The Board of Directors and Its Committees
The Board of Directors of Washington Federal held a total of ten meetings during the last fiscal year. No incumbent director attended fewer than 75% of the aggregate of the total number of meetings of the Board of Directors held during his or her tenure in office during the last fiscal year or the total number of all meetings held by all committees of the Board of Directors on which he or she served during such year. Washington Federal paid its directors a $1,150 monthly retainer plus $900 for each meeting attended during the last fiscal year. The chairman of the Audit Committee is paid an additional $150 per month. Messrs. Hanson, Mersereau and Reed, former directors who currently serve as directors emeriti, also receive the $1,150 monthly retainer. Directors were paid $425 (committee chairmen were paid $750) for each committee meeting attended during the last fiscal year, other than short meetings held in conjunction with regularly scheduled board meetings. Although Washington Federal does not have a formal policy regarding attendance by directors at annual meetings of stockholders, directors are encouraged to attend such meetings. All directors of Washington Federal attended last year's annual meeting of stockholders.
The Board of Directors has established various committees, including an Executive Committee, an Audit Committee, a Nominating Committee and a Personnel and Stock Compensation Committee. The Board of Directors has affirmatively determined that a majority of the Washington Federal directors are independent. The current independent directors are Messrs. Chinn, Clearman, Kenney, Halvorson and Harris and Ms. Johnson. The Board of Directors also has affirmatively determined that each member of the Audit Committee, Personnel and Stock Compensation Committee and the Nominating Committee of the Board of Directors is independent within the meaning of applicable laws and regulations and the listing requirements of the Nasdaq Stock Market, Inc.
8
The Board of Directors selects certain members to serve on its Executive Committee. The present Executive Committee consists of Messrs. Pinkerton (Chairman), Clearman, Harris and Whitehead. The Executive Committee is authorized to exercise all the authority of the Board of Directors in the management of Washington Federal between board meetings unless otherwise provided by the Bylaws of Washington Federal. The Executive Committee did not meet during the last fiscal year.
The Board of Directors has a standing Audit Committee with a written charter. The Audit Committee consists of Messrs. Clearman (Chairman), Chinn and Kenney. The Board has determined that Mr. Clearman is an "audit committee financial expert". The Audit Committee met twice during the last fiscal year. The Audit Committee's primary responsibilities include review of all financial reports, oversight of the internal audit function, appointment of independent auditors, pre-approval of all services performed by the independent registered public accountants and review of all related party transactions.

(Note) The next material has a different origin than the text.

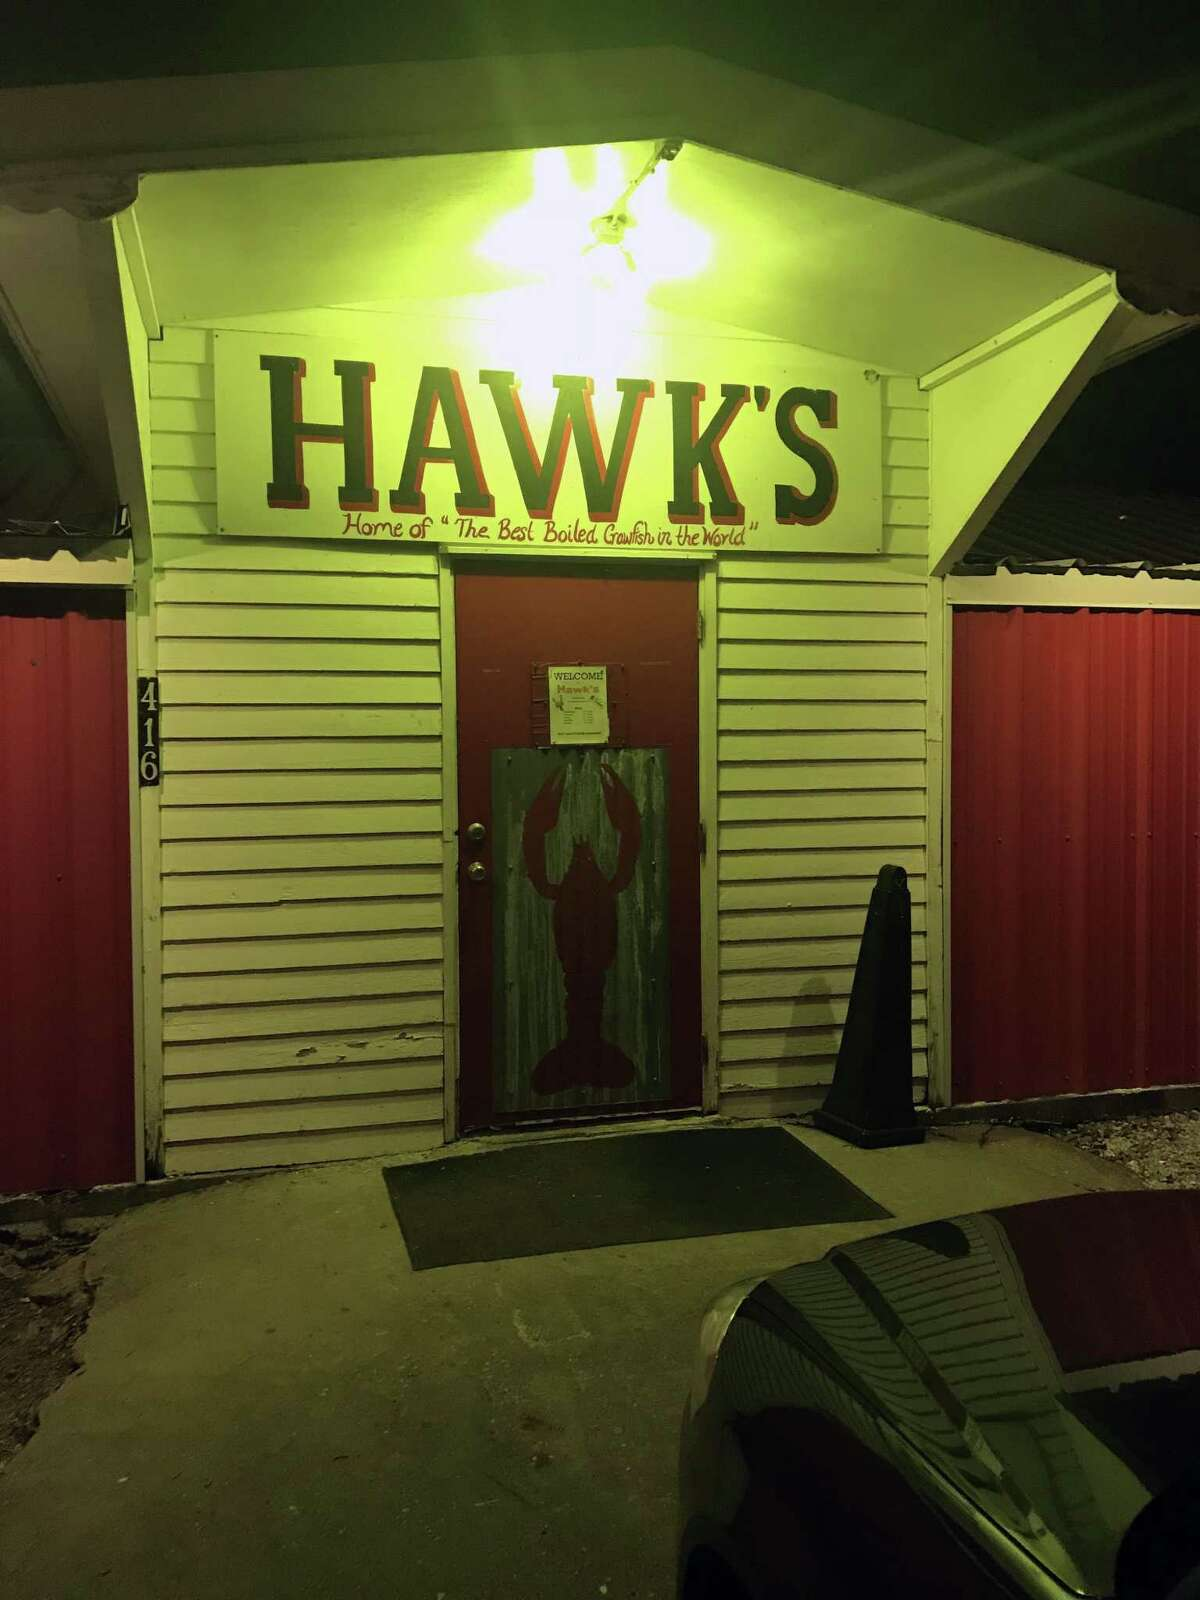 Hawk's restaurant in Rayne, La.

Report of the Audit Committee
The following "Report of the Audit Committee" shall not be deemed incorporated by reference by any general statement incorporating this Proxy Statement into any filing under the Securities Act of 1933 (Securities Act), or under the Exchange Act, except to the extent that the Company specifically incorporates this information by reference, and shall not otherwise be deemed filed under the Securities Act or the Exchange Act.

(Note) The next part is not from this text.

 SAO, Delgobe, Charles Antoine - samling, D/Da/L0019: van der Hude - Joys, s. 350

The Audit Committee has reviewed and discussed the audited financial statements with management. The Audit Committee has discussed with the independent registered public accountants the matters required to be discussed by Statement of Auditing Standards No. 61, "Communication with Audit Committees," as may be modified or supplemented. The Audit Committee has received the written disclosures and the letter from the independent registered public accountants required by Independence Standards Board Standard No. 1, as may be modified or supplemented, and has discussed with the independent registered public accountants their independence. Based on the review and discussions referred to above in this report, the Audit Committee recommended to the Board of Directors that the audited financial statements be included in the Company's Annual Report on Form 10-K for the last fiscal year for filing with the SEC.
AUDIT COMMITTEE
John
F. Clearman, Chairman
Derek L. Chinn
Thomas F. Kenney
The Board of Directors has a standing Personnel and Stock Compensation Committee (the "Committee"). The Committee consists of Messrs. Harris (Chairman) and Halvorson and Ms. Johnson. No member of the Committee has served as an officer or an employee of Washington Federal or Washington Federal Savings during the past five years. The Committee studies personnel and compensation recommendations made by the Chief Executive Officer and makes recommendations to the Board of Directors. Further, the Committee is authorized to act under Washington Federal's stock option plans to grant stock options, stock appreciation rights and restricted shares. The Committee met twice during the last fiscal year.
9
The Board of Directors has appointed three of its members to serve as a Nominating Committee in connection with the election of directors. For the present Annual Meeting, the Board of Directors appointed Ms. Johnson (Chairman) and Messrs. Clearman and Harris to serve on the Nominating Committee. The Nominating Committee met once during the last fiscal year. The primary responsibilities of the Nominating Committee are to evaluate and make recommendations to the Board of Directors for the election of directors. The Nominating Committee operates pursuant to a written charter approved by the Board of Directors, which is available at Washington Federal's website at www.washingtonfederal.com.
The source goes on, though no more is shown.